Higher Kinds in C# with language-ext [Part 6 - traversables]
This is a multi-part series of articles, it's worth going back to the earlier parts if you haven't read them already:
- Part 1 - Introduction, traits, semigroups, and monoids
- Part 2 - Functors
- Part 3 - Foldables
- Part 4 - Applicatives
- Part 5 - Validation
One interesting stat is that I have managed to remove nearly half a million lines of code from the v5
release of language-ext. At least 200,000 of those lines were auto-generated by some T4 templates (LanguageExt.Transfomers
, which has now been deleted entirely); the rest of the deletions were from hand-written types and extension methods used to simulate higher-kinds (OptionAsync<A>
for example, is emulating the (new) monad-transformer stack OptionT<IO, A>
).
The reason that so many lines of code have been removed is because we don't need to emulate higher-kinds any more, we really can write: OptionT<IO, A>
, whereas before we relied on generated extension methods (I'll talk about transformers in a later article).
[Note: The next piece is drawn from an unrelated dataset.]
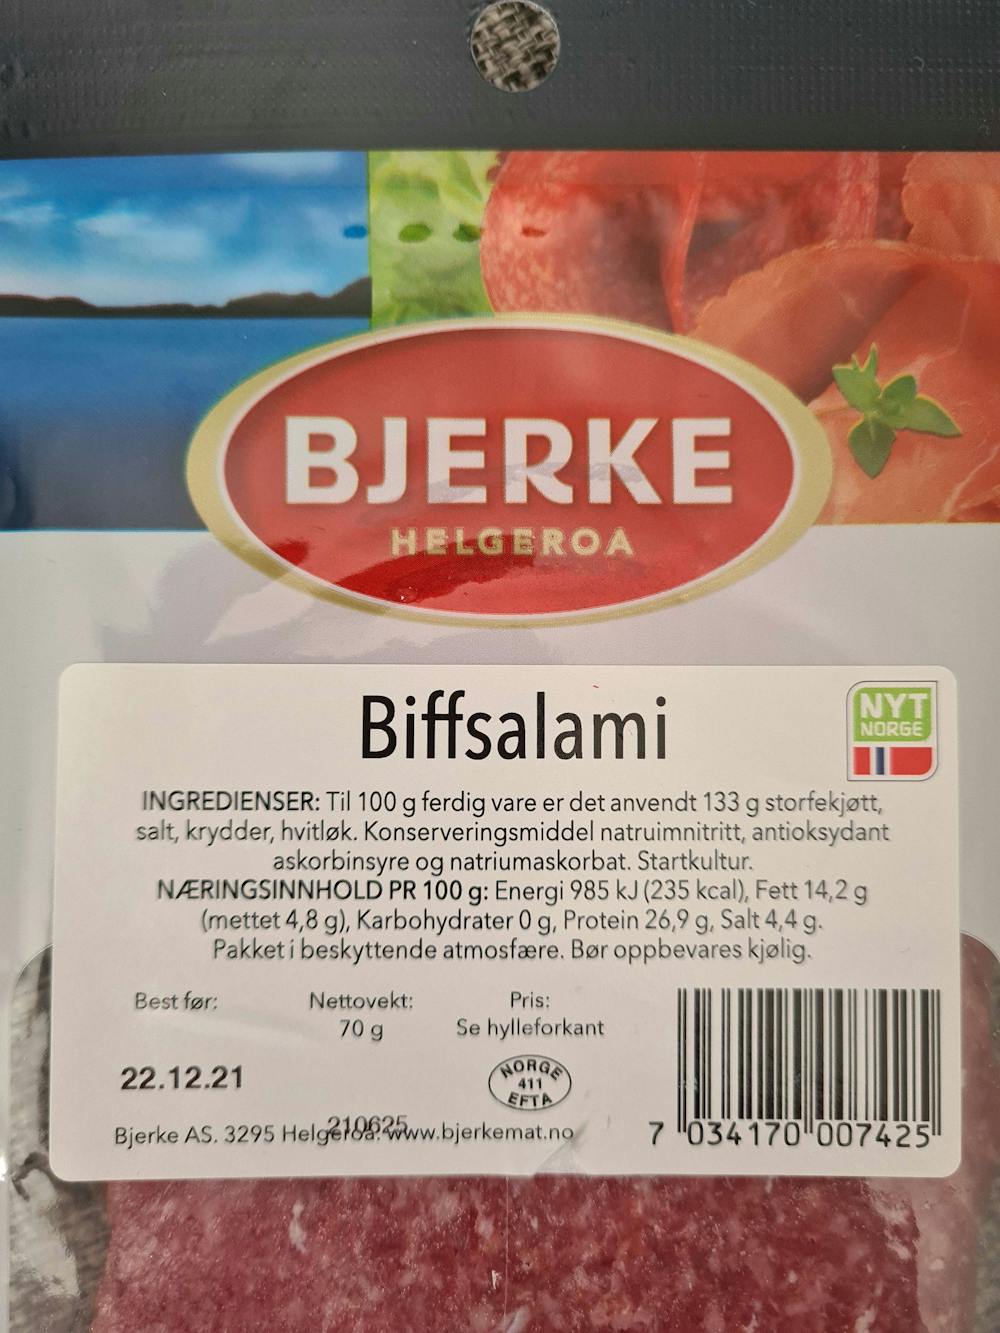 Ingredienslisten til Biffsalami, Bjerke

So, if the removal of nearly half a million lines of code doesn't justify the techniques I am highlighting in this series, I really don't know what will! Less code pretty much always means fewer bugs and easier long-term maintenance – something I am particularly looking forward to once this release is stable!
Also, v5
has much more functionality – not less!
One thing I noticed as I was working through all of the original language-ext unit-tests – trying to turn them all green – was that I discovered some tests-cases where both the code and the unit-test had a bug. The bugs discovered were in the manually written Traverse
and Sequence
functions.
On [some of the implementations of Traverse
] I had made wrong assumptions and I had carried those wrong assumptions through to the unit-tests! It doesn't matter how good you are at programming, you will always end up making stupid mistakes like this – which is why I much prefer to leverage types over unit-tests: you can't cheat the compiler, but you can easily cheat yourself!
The new implementations of Traverse
(leveraging the higher-kinded traits) exposed those bugs – because they are now following the rules of the trait-types – not the assumptions of a human that errs.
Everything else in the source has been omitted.